SGD demo: Himmelblau's function
So far, our function had only a single minimum.
Such functions, albeit easy to understand, are rare in machine learning.
Let us study a function with multiple minima.
We have introduced Himmelblau's function in the module on Calculus.
$$ f(x,y) = (x^2 + y - 11)^2 + (x + y^2 - 7)^2 $$
Himmelblau's function is nonconvex with 4 minima (marked in green) and 1 local maximum (marked in blue).
In this demo, we have decomposed Himmelblau's function into its two summands, \( (x^2 + y - 11)^2 \) and \( (x+y^2-7)^2 \) for the sake of demonstrating SGD with partial gradients in each step.
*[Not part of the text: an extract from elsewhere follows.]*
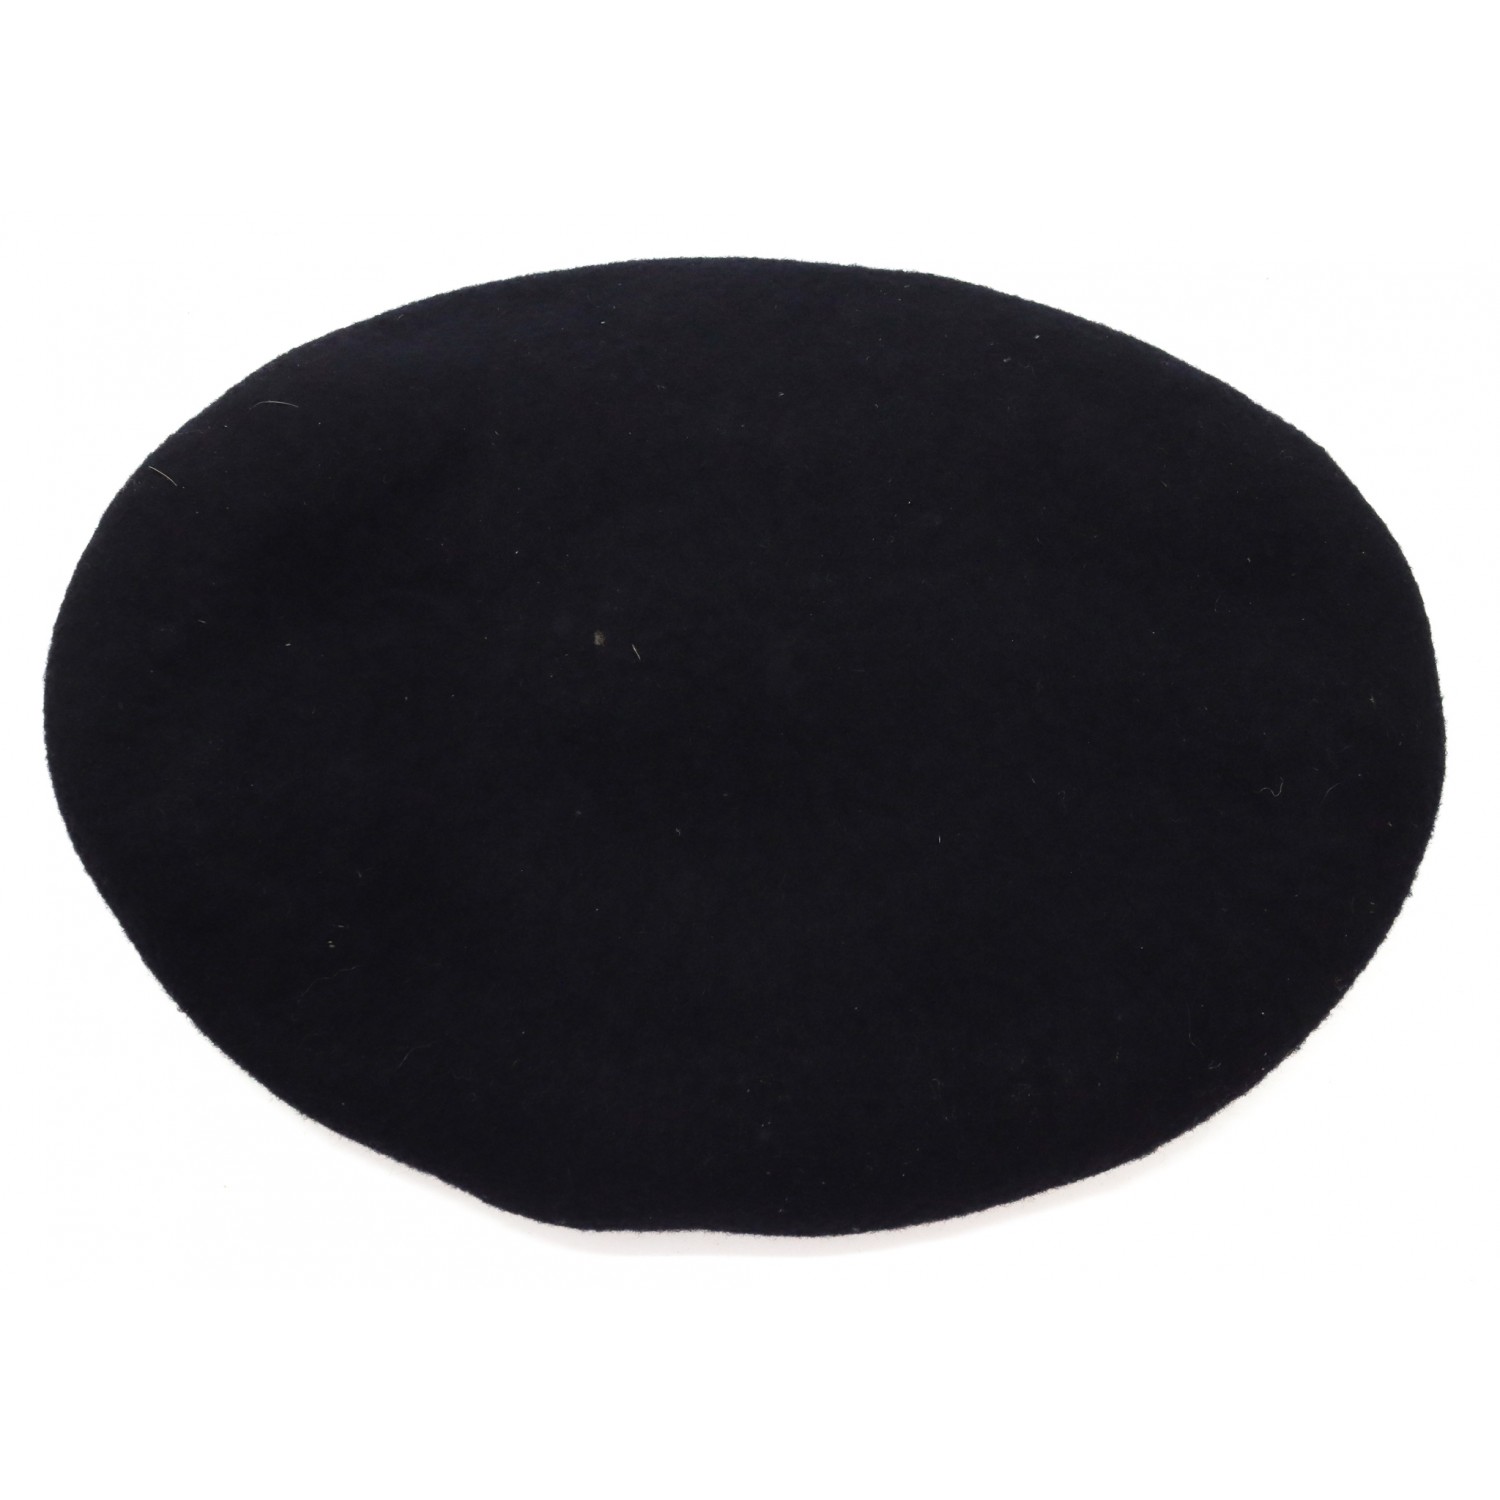 City of London Police Tactical Firearms Group Beret
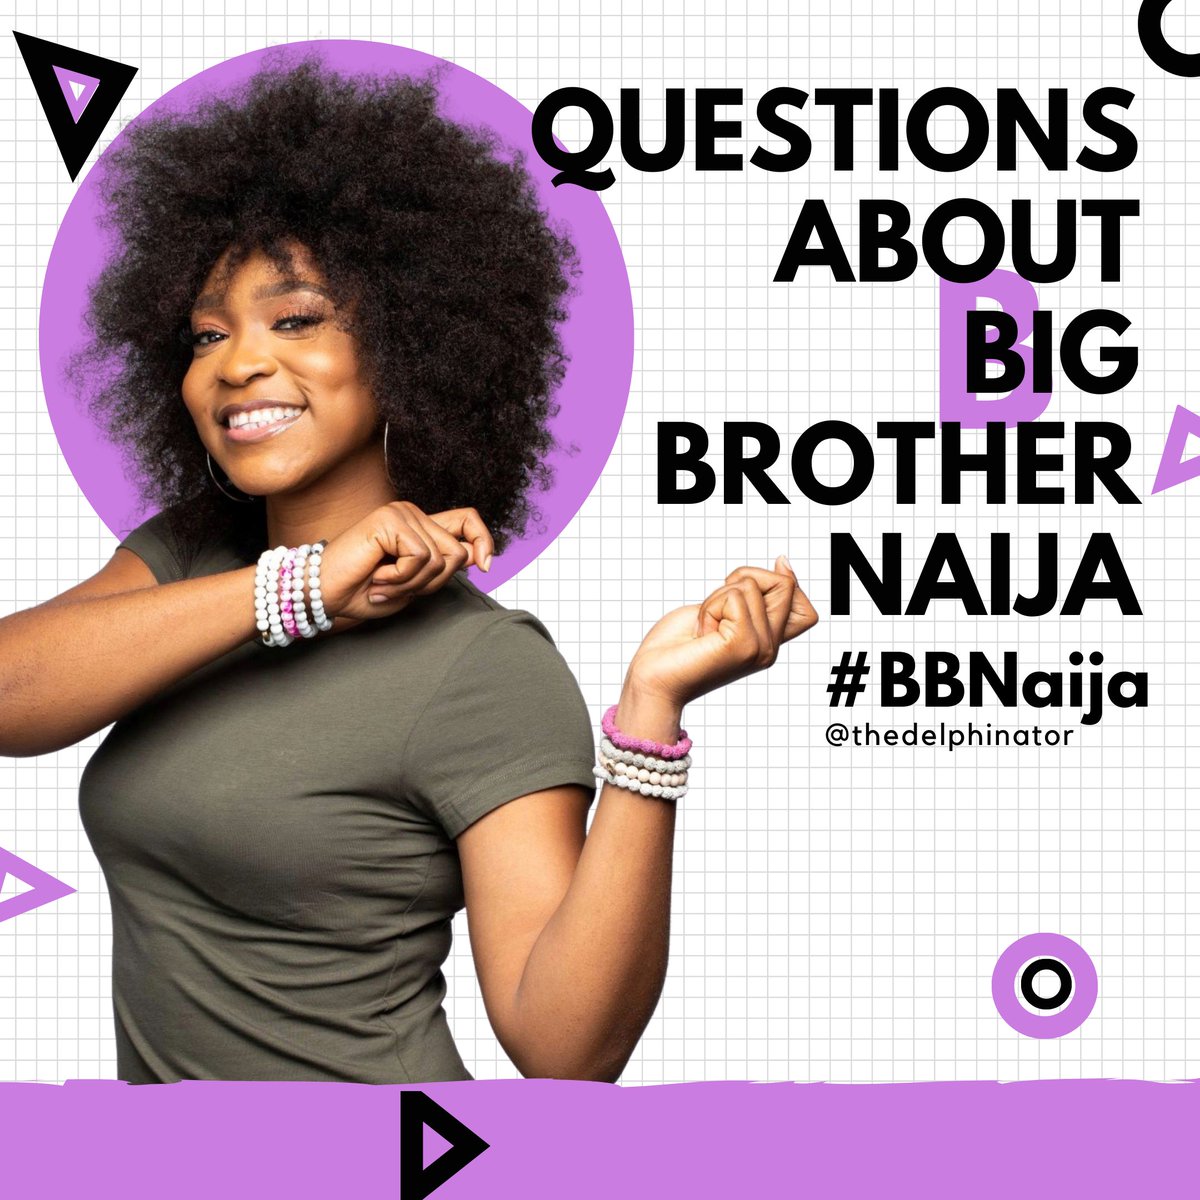 Dear World People,QUESTIONS ABOUT BBNAIJA I'm posting this not just because several people have asked but because the Lord instructed me to address this. I hope you learn something from this story.⠀ #BBNaija  #bbnaijialockdown

SGD converges for Himmelblau's function if the learning rate is just right and dampening is used to slow it down with each iteration to avoid oscillations.
But as expected, it takes a more serpentine route to reach the minima. Interestingly, if the parameters are set appropriately, SGD converges to the closest minimum.
However, if the parameters are not chosen suitably, then SGD may not converge to any optima. The reliance of SGD on good learning rates and dampening factors is more than that of gradient descent, and this point is very important to remember in implementing SGD based solutions. Owing to these factors, there is increased interest in finding variants of SGD that rely on fewer parameters or just work out-of-the-box. We will investigate these in an upcoming section specifically dedicated to SGD and its popular variants.